We investigate the IceCube detection potential of very high energy neutrinos from blazars , for different classes of ” hadronic ” models , taking into account the limits imposed on the neutrino flux by the recent Fermi telescope observations .

Assuming the observed \gamma -ray emission is produced by the decay of neutral pions from proton-proton interactions , the measurement of the time-averaged spectral characteristics of blazars in the GeV energy band imposes upper limits on the time-averaged neutrino flux .
Comparing these upper limits to the 5 \sigma discovery threshold of IceCube for different neutrino spectra and different source locations in the sky , we find that several BL Lacs with hard spectra in the GeV band are within the detection potential of IceCube .
If the \gamma -ray emission is dominated by the neutral pion decay flux , none of the flat-spectrum radio quasars are detectable with IceCube .
If the primary high energy proton spectrum is very hard and/or neutrinos are produced in proton-photon , rather than proton-proton reactions , the upper limit on the neutrino flux imposed by the measured \gamma -ray spectra is relaxed and gamma-ray observations impose only lower bounds on the neutrino flux .
We investigate whether these lower bounds guarantee the detection of blazars with very hard neutrino spectra ( spectral index \Gamma _ { \nu } \sim 1 ) , expected in the latter type model .

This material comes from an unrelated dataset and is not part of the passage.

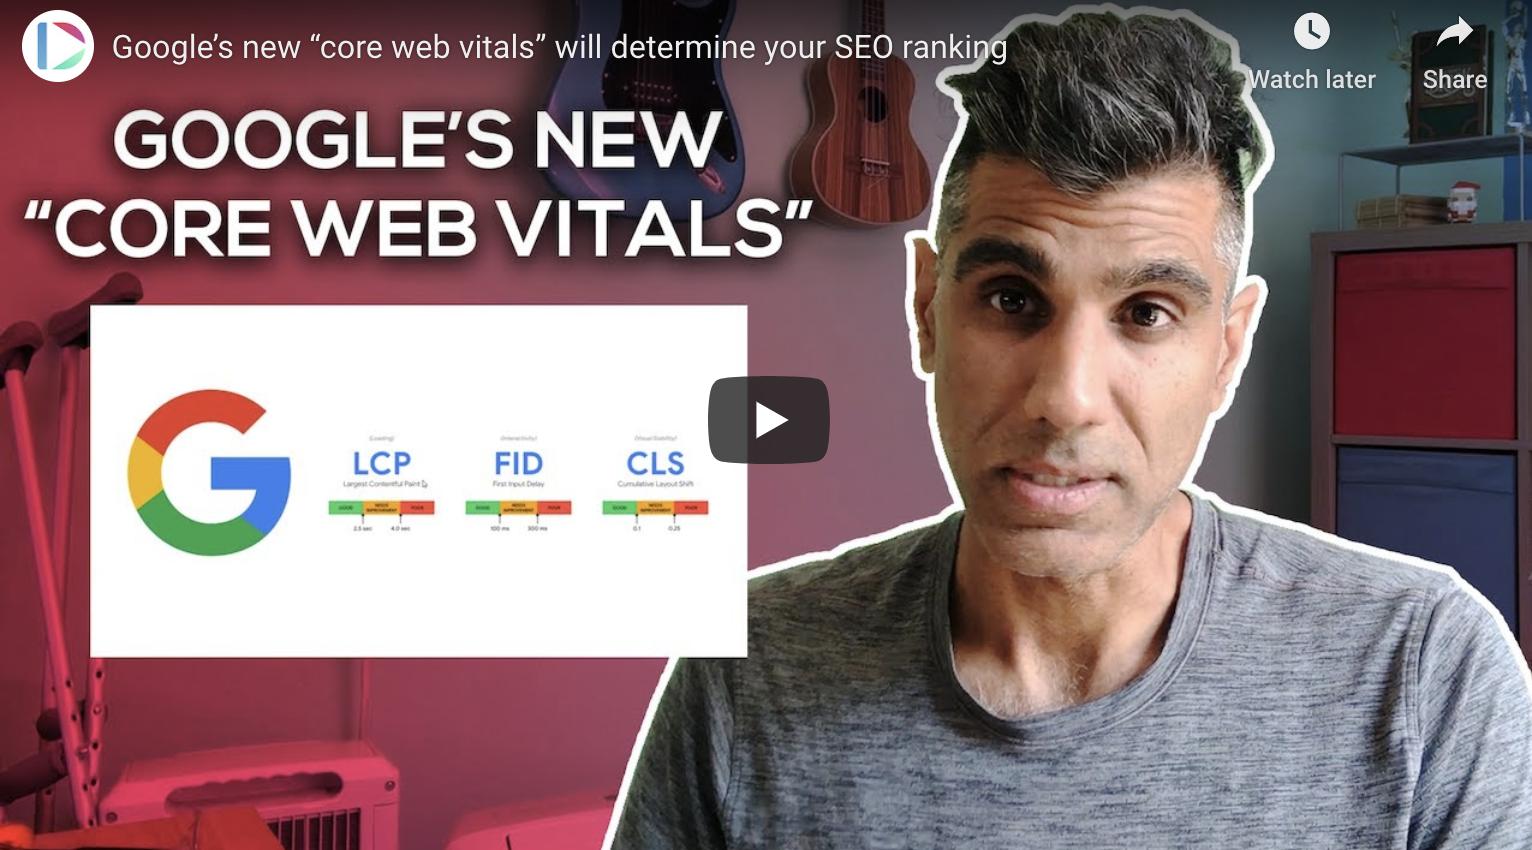 Google's New Core Web Vitals

We show that all the ” hadronic ” models of activity of blazars are falsifiable with IceCube .
Furthermore , we show that models with \gamma -ray emission produced by the decay of neutral pions from proton-proton interactions can be readily distinguished from the models based on proton-gamma interactions and/or models predicting very hard high energy proton spectra via a study of the distribution of spectral indices of \gamma -ray spectra of sources detected with IceCube .